• [Action item]:
Find the line with "Grey Kubu Tray Baskets Set of 2" in the entries below, then output every line from it down to the line with "e-borghi travel 3: Parchi", exactly and with no pictures.

• [Extracted records]:
# # # # # # #
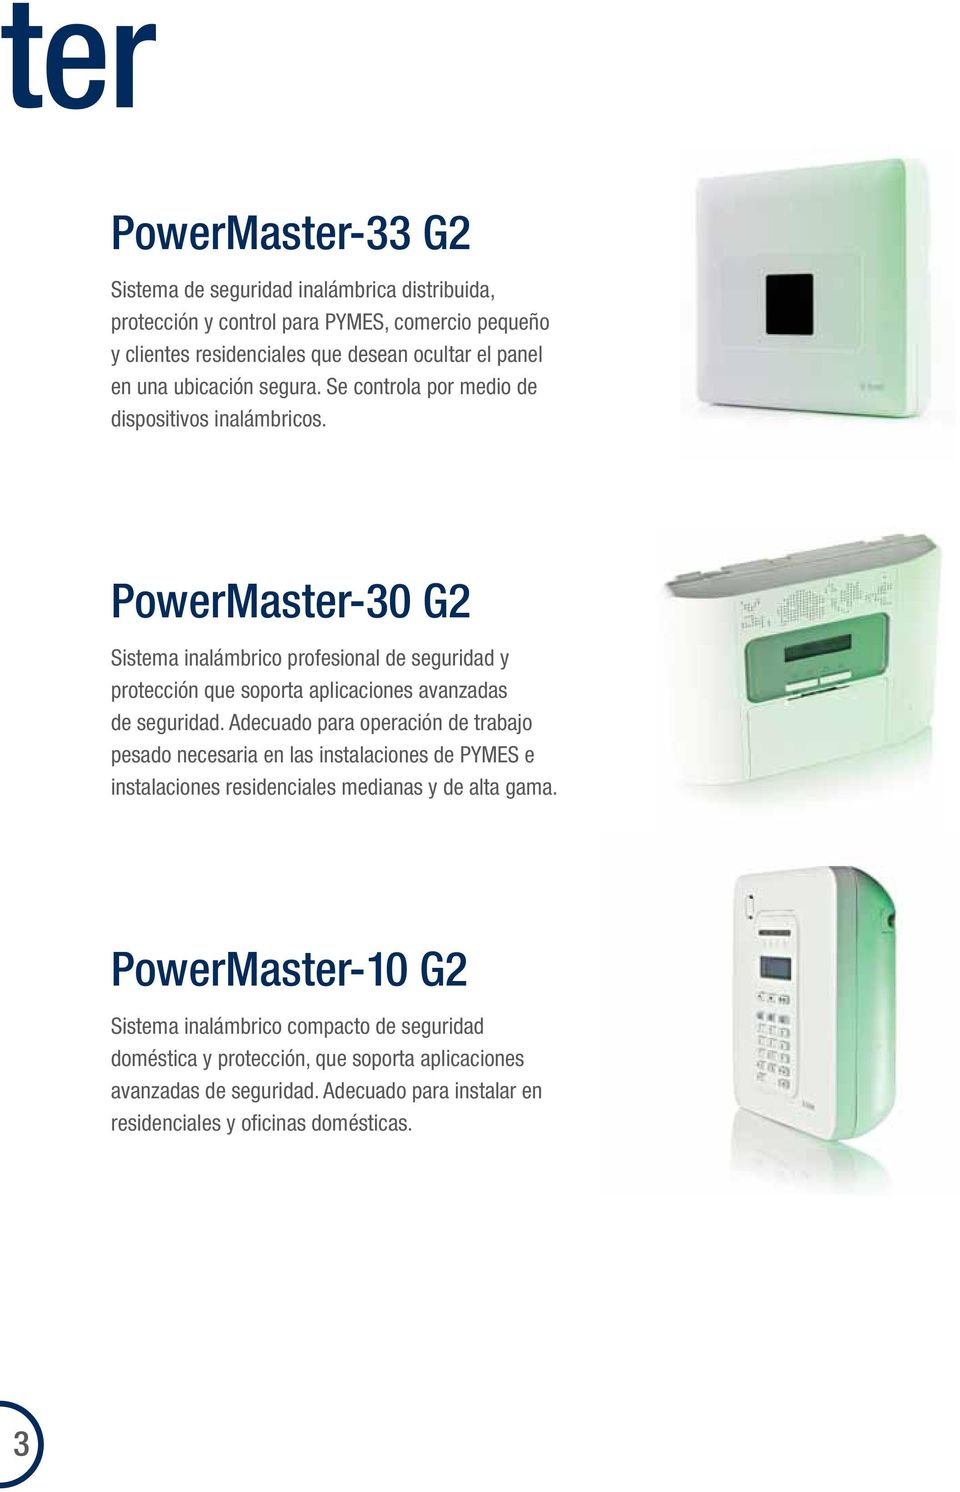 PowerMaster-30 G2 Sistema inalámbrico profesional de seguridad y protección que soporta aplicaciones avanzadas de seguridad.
# # # # # # #
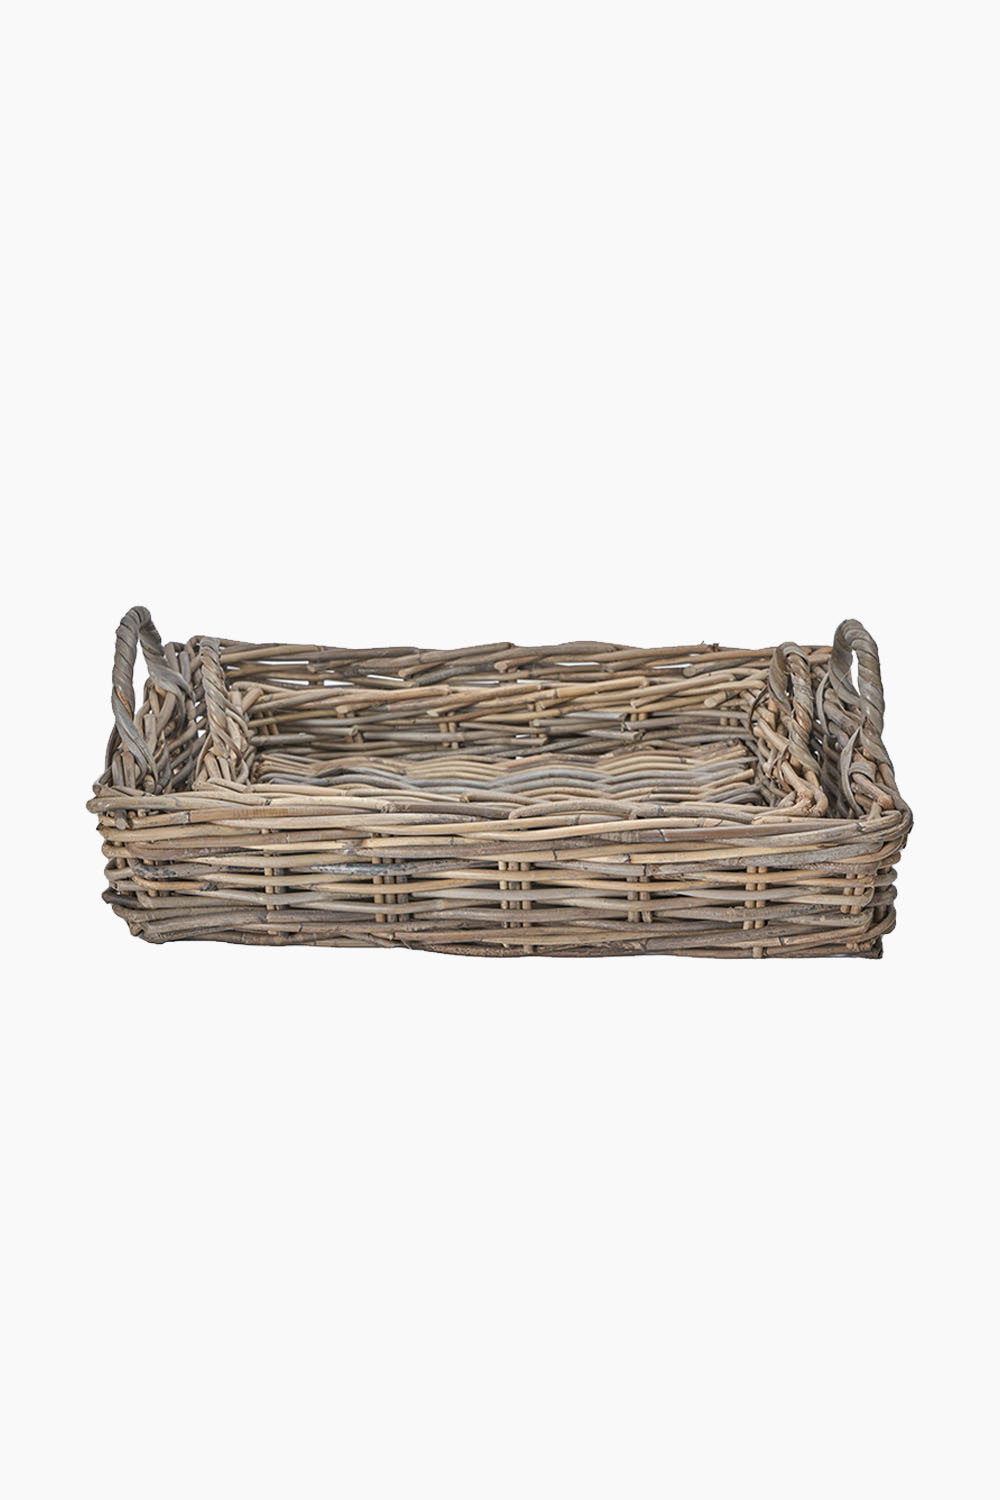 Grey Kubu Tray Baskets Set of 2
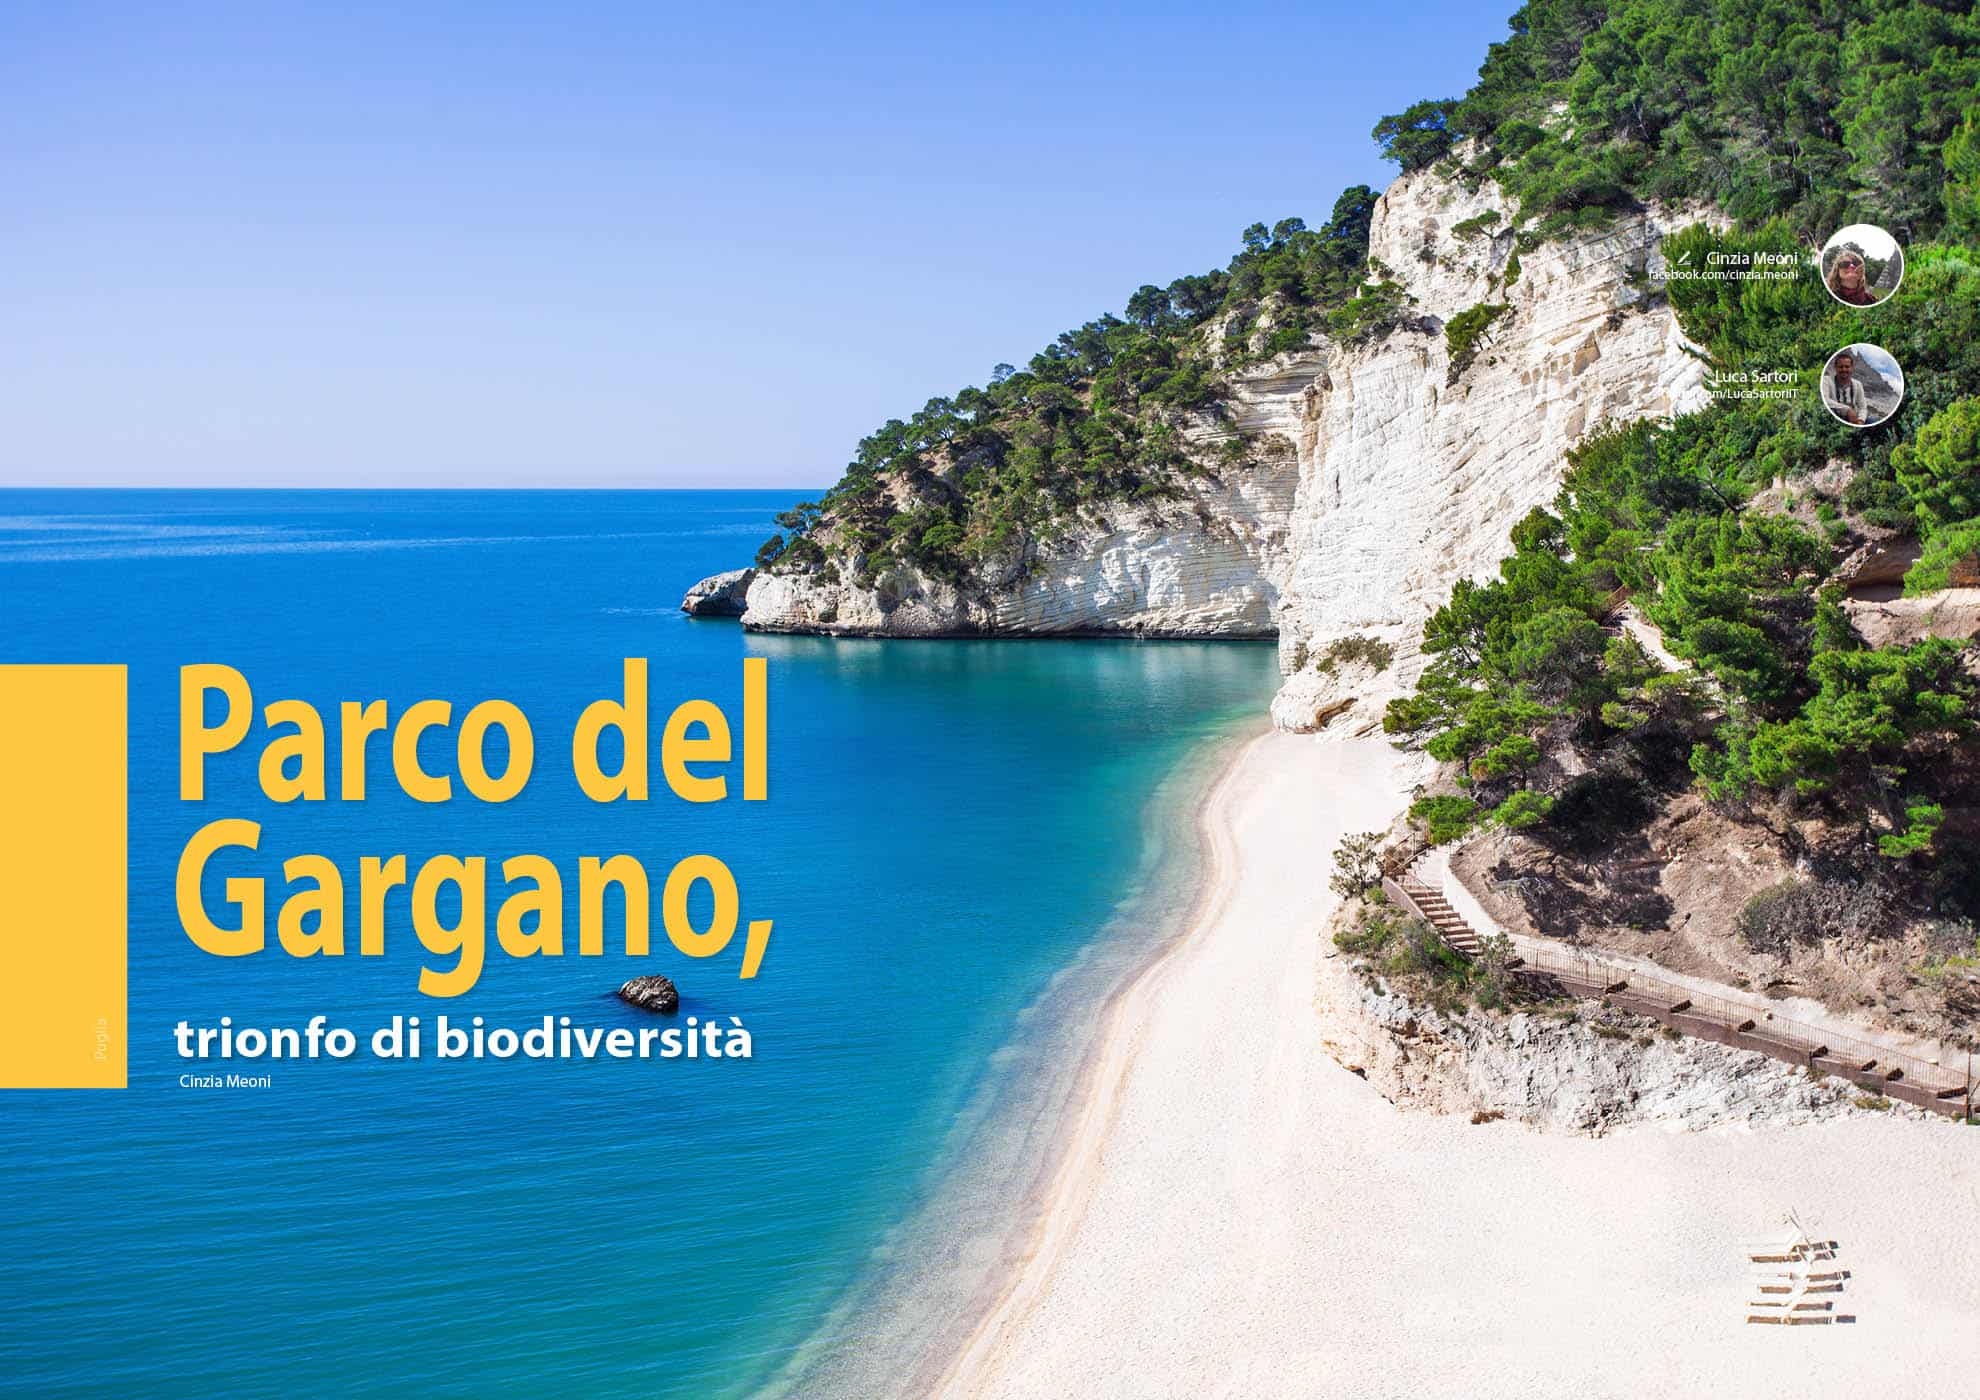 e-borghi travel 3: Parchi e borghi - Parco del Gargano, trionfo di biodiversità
# # # # # # #
• [Task output]:
 Grey Kubu Tray Baskets Set of 2
 e-borghi travel 3: Parchi e borghi - Parco del Gargano, trionfo di biodiversità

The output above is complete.